Association of Serum Eotaxin Levels and Markers of Myocardiac Injury in Hemodialysis Patients

Study Design and Patient Population This cross-sectional trial, and will be carried out in accordance with the Declaration of Helsinki and applicable regulations. The protocol will be sent to the institutional ethics committee and patients' written informed consent will be obtained. To be included in the study, patients will be at least 20-years-old and on outpatient HD for at least 3 months. All the patients were dialyzed three times a week with a high-flux membrane and bicarbonate dialysate solutions. Patients will excluded if they had an acute infection or malignancy. A total of 400 long-term HD patients are randomly invited and enrolled in the study. The medical records will thoroughly reviewed for each subject by a collaborating physician in the study. Information such as underlying kidney disease, cardiovascular disease history, and other comorbid illnesses are abstracted. A pre-existing history of CVD was defined as a history of CAD ( including a history of myocardial infarction, coronary artery angioplasty/stenting/bypass surgery, carotid endarterectomy/stenting), cerebrovascular disease (CVD, e.g., stroke), non-traumatic lower extremity amputation, and lower limb artery bypass surgery/angioplasty/stenting

Measurements Predialysis blood samples are obtained on a mid-week day.Within 30 min after sampling, the remaining blood arecentrifuged at 3,000 g for 10 min, immediately aliquoted and frozen at-80 °C until further analysis. The total serum cholesterol is measured through the reaction of cholesterol esterase/cholesterol oxidase/peroxidase, using Hitachi 747 (Hitachi, Bohemia, NY, USA). HDL cholesterol is quantified after precipitation with polyethylene glycol at room temperature. Serum glucose concentrations are measured by the glucose oxidase method. Low-density lipoprotein cholesterol was calculated using the Friedewald formula. Total serum triglycerides were measured through the reaction of glycerol/ phosphate/oxidase and peroxidase. The serum levels of high-sensitivity C-reactive protein (hsCRP) are measured using a Behring Nephelometer II (Dade Behring, Tokyo, Japan). Serum levels of IL-6 and MCP-1 are measured by a commercially available enzyme-linked immunosorbent assay (Quantikine HS Immunoassaykit, R&D System, Minneapolis, MN, USA). Serum 8-isoprostane concentrations were measured using the ELISA assay (Cayman Chemical, Ann Arbor, Michigan, USA) with a detection limit of 3 pg/mL, according to the manufacturer's instruction.

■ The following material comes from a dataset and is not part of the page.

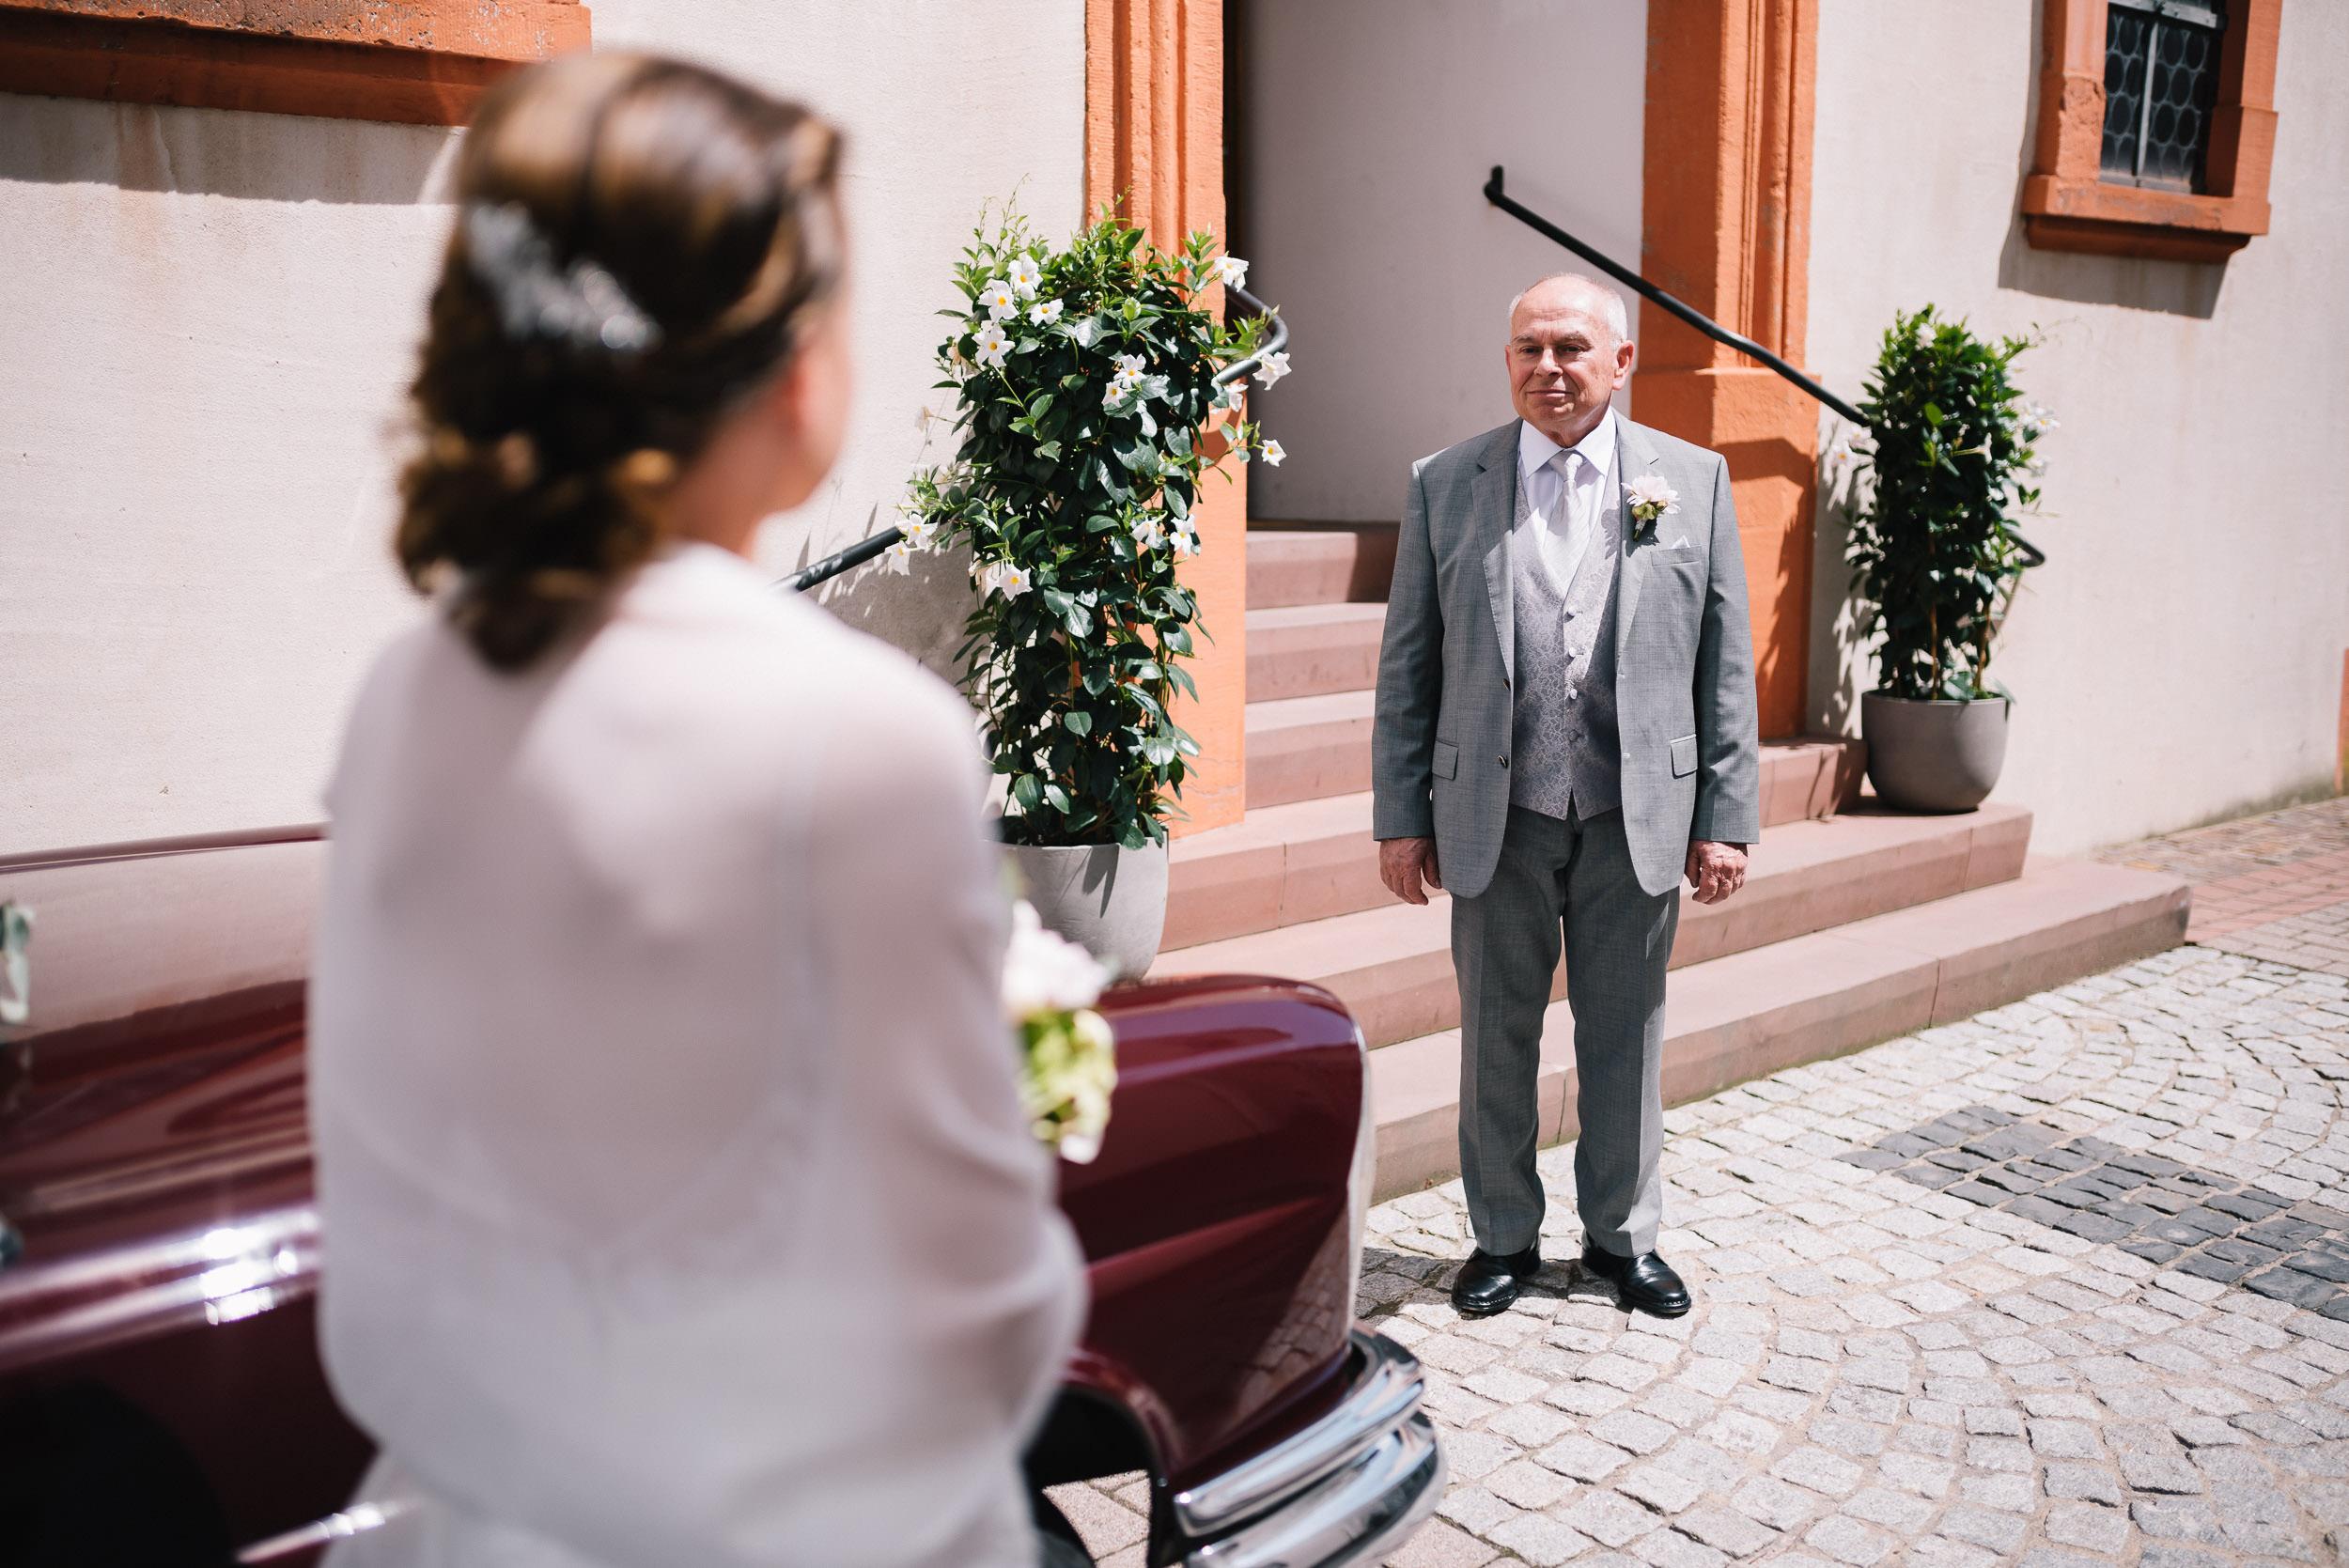 Hochzeit-Julia+Lars-Leimen+Bonsaizentrum-HD-020.jpg

Serum eotaxin levels will be determined using a commercial ELISA kit (R&D systems, Minneapolis, MN, USA)according to the manufacturer's protocol. In brief, mouse antihuman antibody against eotaxin is used to capture eotaxin from plasma. Captured eotaxin is detected with biotynilated goat antihuman eotaxin antibody. After washing, plates are incubated with streptavidin-HRP, developed with appropriate substrate, and OD450 is determined using an ELISA plate reader. Measurements are done in duplicate in an assay able to detect 10 pg of eotaxin/ml. The intraand inter-assay coefficients of variation values are <4% and <6%, respectively.

The Siemens Atellica IM High Sensitivity Troponin I assay (Siemens Healthineers) is a three-site sandwich immunoassay with a limit of detection of 1.6 ng/L and limit of quantification of 2.5 ng/L. The upper reference limit 99th centile was determined in 2007 samples from healthy individuals as 34 ng/L in women, and 53 ng/L in men, with a single threshold of 45 ng/L. In the reference range population, 75% of patients had values greater than the limit of detection. All measurements were undertaken at a central laboratory, who were blinded to all clinical information with results provided to the research team and linked to the trial database for analysis.

The redox state of serum albumin was determined by fractionating it into human mercaptalbumin (HMA), human nonmercaptalbumin-1 (HNA-1), and human non-mercaptalbumin-2 (HNA-2) with high-performance liquid chromatography (HPLC).